◆ **DATASET CONTENT**:
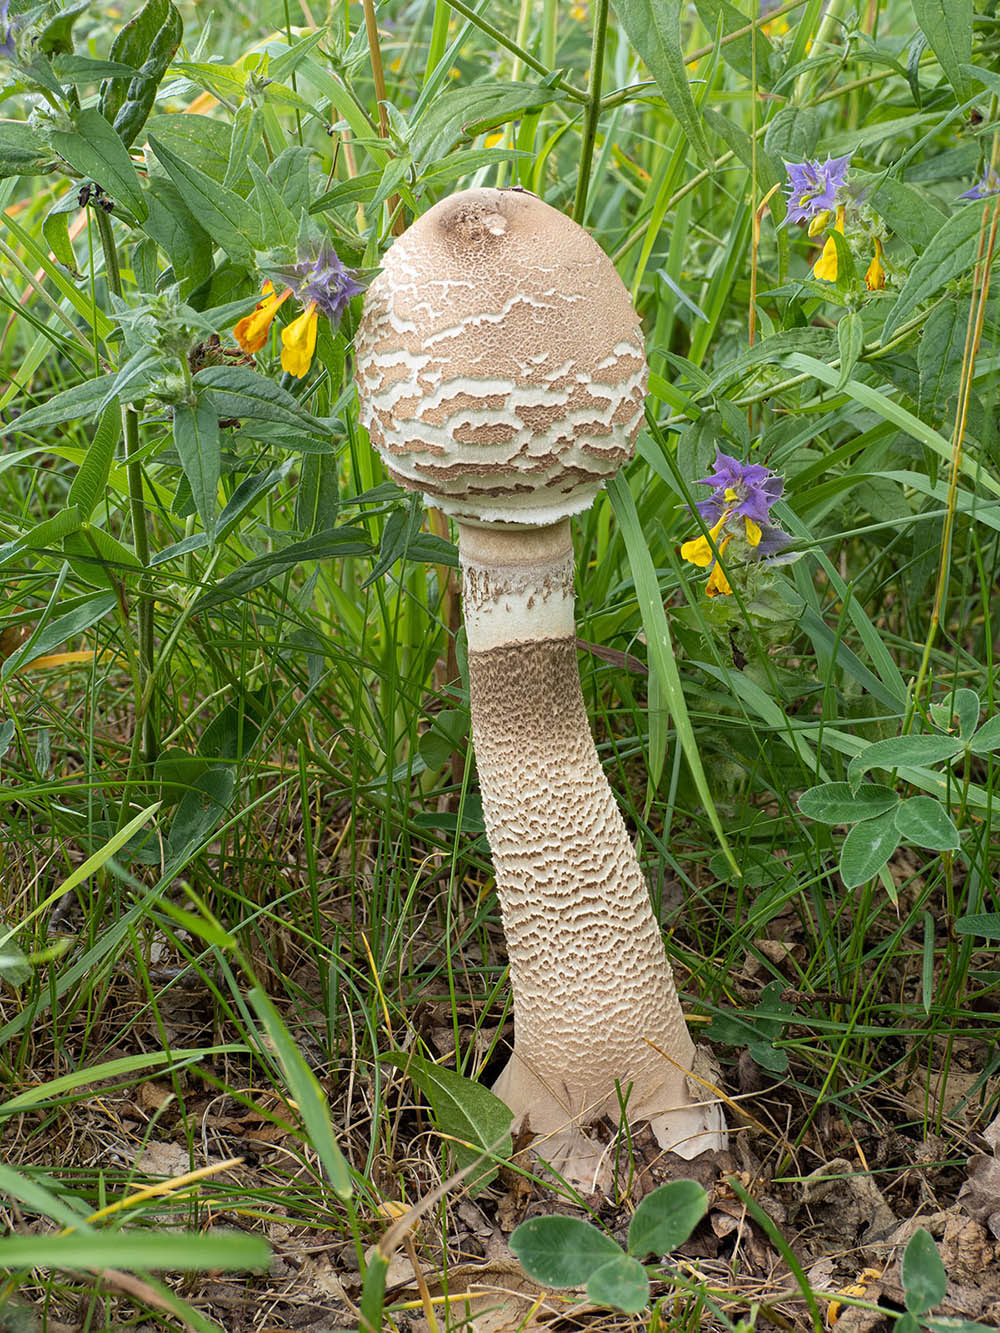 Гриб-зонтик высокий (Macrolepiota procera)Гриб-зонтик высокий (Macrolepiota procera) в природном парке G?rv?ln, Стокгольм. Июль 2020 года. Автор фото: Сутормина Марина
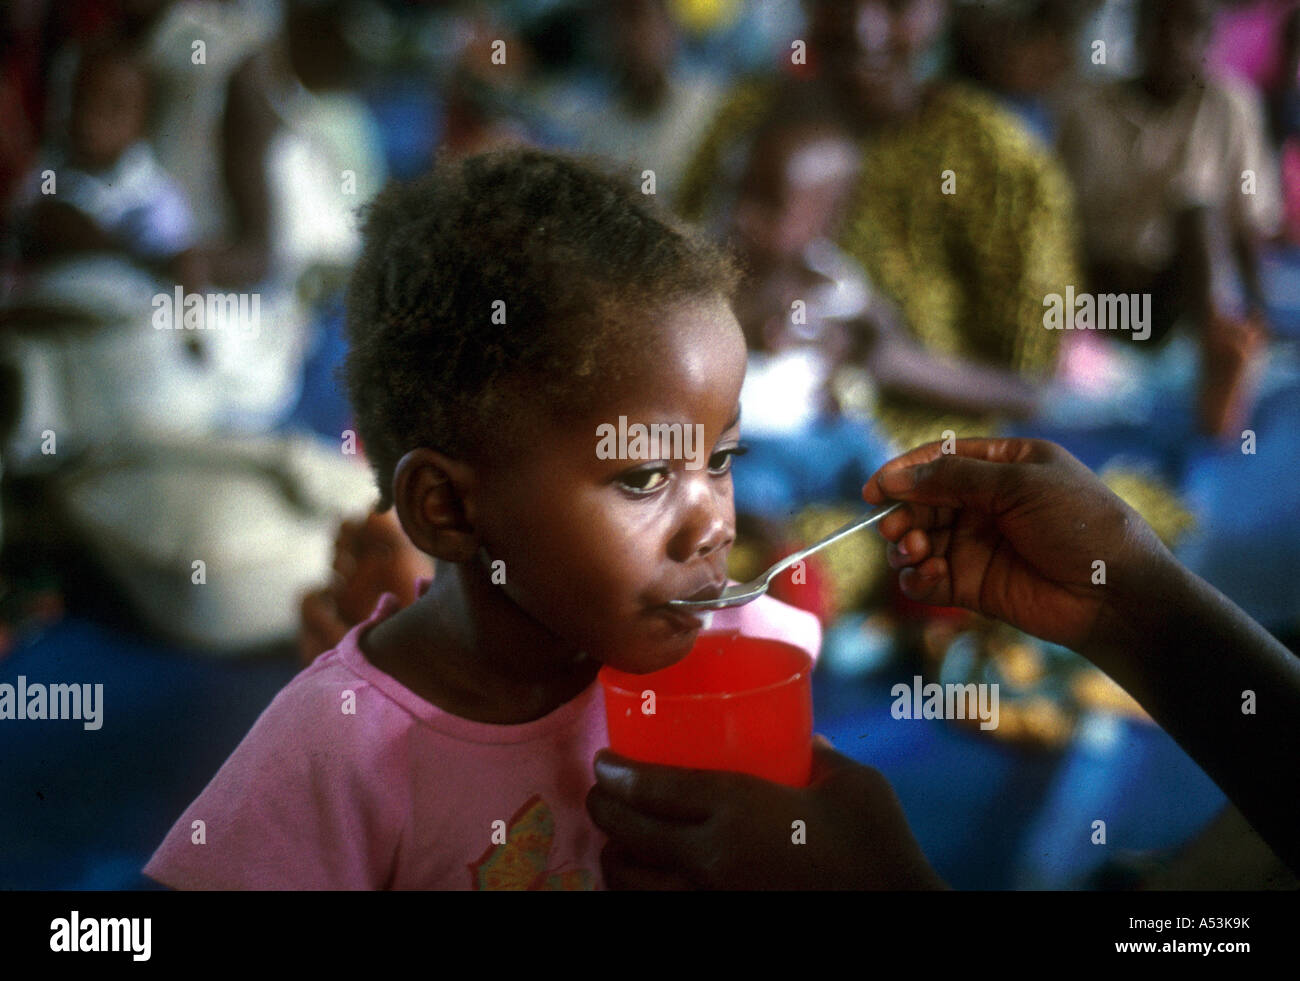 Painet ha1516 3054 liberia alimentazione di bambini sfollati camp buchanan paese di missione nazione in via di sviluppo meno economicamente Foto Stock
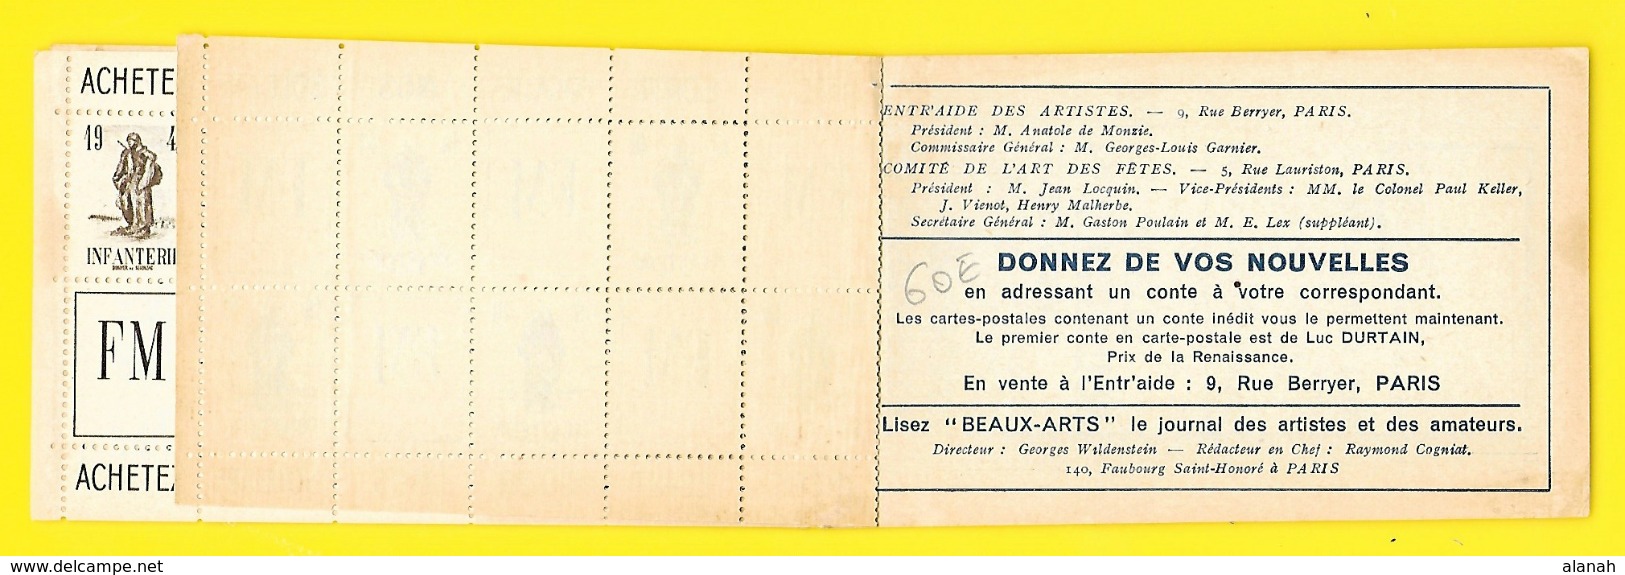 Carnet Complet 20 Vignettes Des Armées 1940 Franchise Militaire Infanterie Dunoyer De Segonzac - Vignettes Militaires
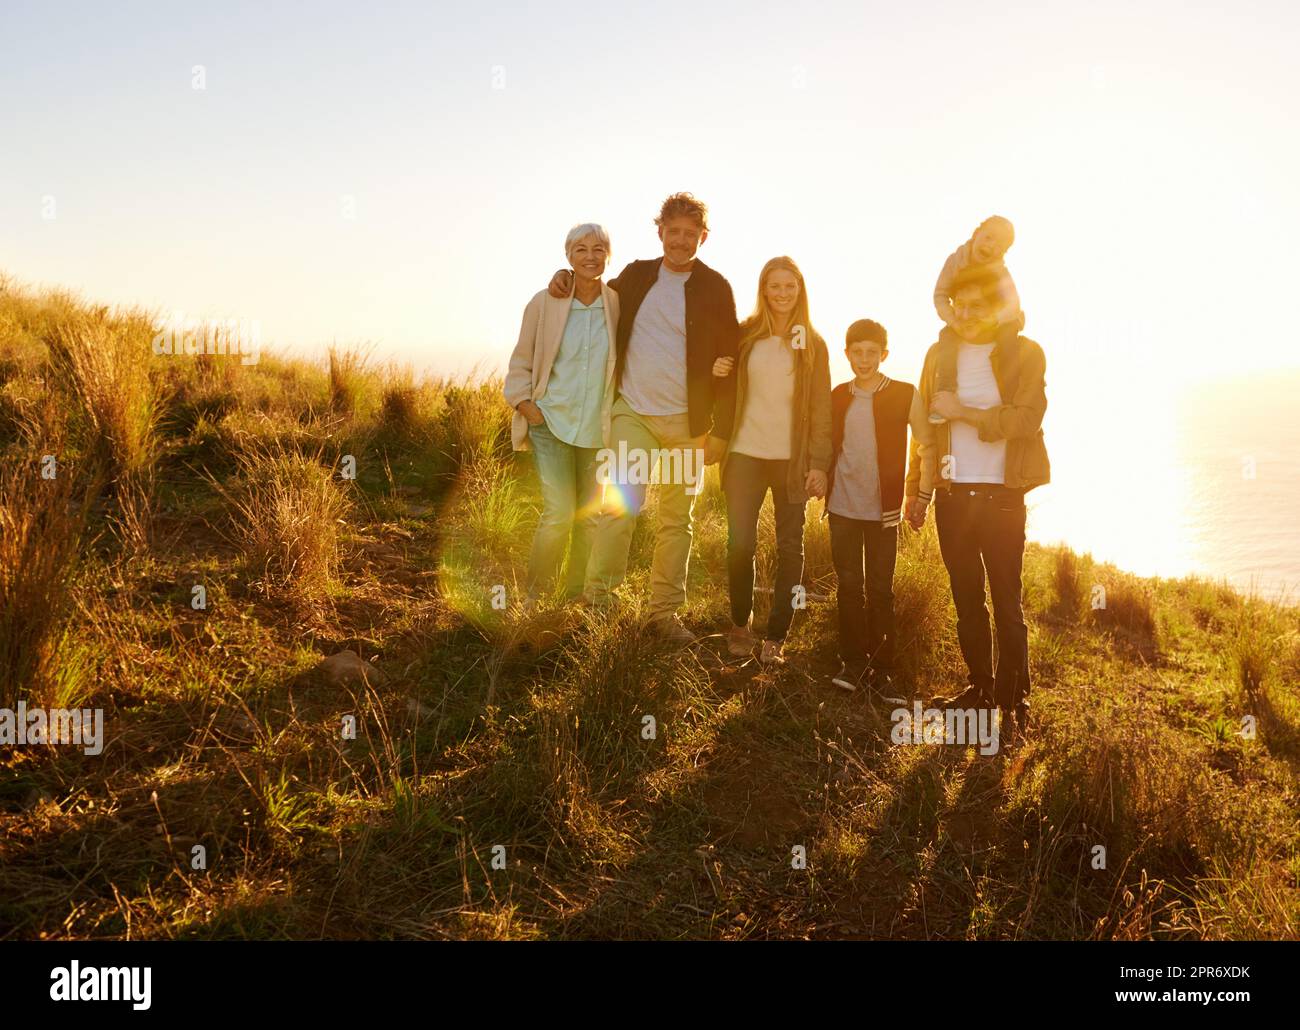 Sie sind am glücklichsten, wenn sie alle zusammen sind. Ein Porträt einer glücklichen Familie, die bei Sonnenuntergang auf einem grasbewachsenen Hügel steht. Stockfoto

◆ **WHAT IS BEING ASKED**: Please retype all of the material exactly, skipping whatever images it holds.

◆ **ANSWER TO THE EXERCISE**:
 Гриб-зонтик высокий (Macrolepiota procera)Гриб-зонтик высокий (Macrolepiota procera) в природном парке G?rv?ln, Стокгольм. Июль 2020 года. Автор фото: Сутормина Марина
 Painet ha1516 3054 liberia alimentazione di bambini sfollati camp buchanan paese di missione nazione in via di sviluppo meno economicamente Foto Stock
 Carnet Complet 20 Vignettes Des Armées 1940 Franchise Militaire Infanterie Dunoyer De Segonzac - Vignettes Militaires
 Sie sind am glücklichsten, wenn sie alle zusammen sind. Ein Porträt einer glücklichen Familie, die bei Sonnenuntergang auf einem grasbewachsenen Hügel steht. Stockfoto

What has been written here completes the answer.